Finally, let us mention that sometimes the monotonicity constraints (1), (3) are relaxed somewhat in the sense that we only require it for elements x and y that are separated by a learning example. Stated otherwise, one only requires quasi-monotonicity w.r.t. the set $S_{X}$ [11,13]. If one does not want to make a distinction between the monotone and reversed preference situation, the weights for F_min and F_max should only depend on x (and not on ℓ). A simple way of achieving this is by counting the number of learning examples that are smaller or bigger than x. We define: $A_{\min} (x) = |{a \in S | a ⩽_{X} x}| and A_{\max} (x) = |{a \in S | x ⩽_{X} a}| .$ However, to avoid division by zero, we add, if not already present, the elements $〈 \min X, \min L 〉$ and $〈 \max X, \max L 〉$ to the collection of learning examples $(S, d)$ . These elements are very natural boundary conditions when trying to predict or reconstruct an order-preserving mapping from $X$ to $L$ (and this is exactly what the supervised ranking problem is). One now has the following proposition.

Proposition 2.4 Let $(S, d)$ be a collection of learning examples in which, if not already present, the elements $〈 \min X, \min L 〉$ and $〈 \max X, \max L 〉$ are added. The associated stochastic training data set is $(S_{X}, \hat{F} *)$ . The mapping ${\tilde{F}}_{QM - OSDL}$ is defined as follows: (11) $\begin{matrix} {\tilde{F}}_{QM - OSDL} : X \times L & \to [0, 1] \\ (x, ℓ) & \mapsto \frac{A_{\min} (x) F_{\min} (x, ℓ) + A_{\max} (x) F_{\max} (x, ℓ)}{A_{\min} (x) + A_{\max} (x)} . \end{matrix}$ For all elements x of $X$ the mapping ${\tilde{F}}_{QM - OSDL} (x, \cdot) : L \to [0, 1]$ belongs to $F_{cum} (L)$ . Moreover, the partial mapping $\begin{matrix} {\tilde{F}}_{QM - OSDL} (\cdot, \cdot) : (X, ⩽_{X}) & \to (F_{cum} (L), ⪯_{FSD}) \\ x & \mapsto {\tilde{F}}_{QM - OSDL} (x, \cdot) \end{matrix}$ is quasi-monotone w.r.t. $S_{X}$ .

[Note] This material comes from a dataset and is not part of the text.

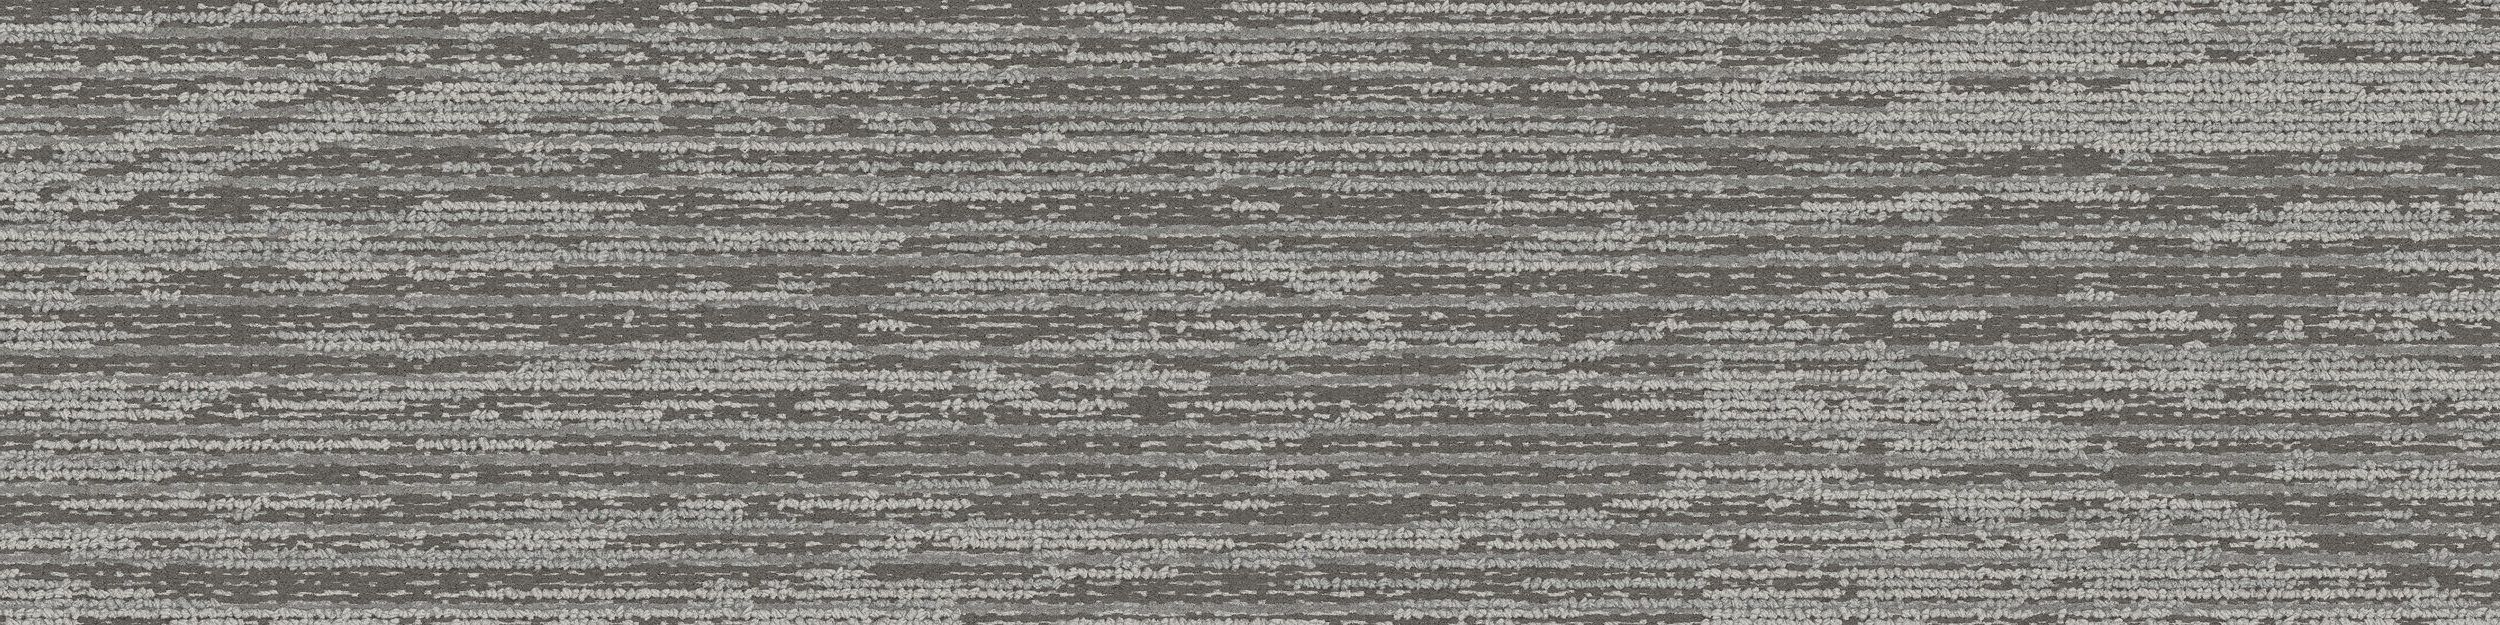 RMS 507 Carpet Tile In Taffy imagen número 2

3. Implementation of the propositions

3.1. Pseudo code of the two phases

Given a collection of learning examples $(S, d)$ , the first phase in any classification algorithm involves building the classifier. In the case of the various OSDL variants, this is not too difficult as it simply involves the estimation of the CDFs $\hat{F}$ . As the propositions assume the maximum likelihood estimation $\hat{F} *$ , this is what we will use in the implementation as well. The pseudo code of this first phase is given as the method buildClassifier in the top part of Algorithm 1. The fact that this first phase is quite simple explains why we have previously termed algorithms resulting from the aforementioned framework as instance-based.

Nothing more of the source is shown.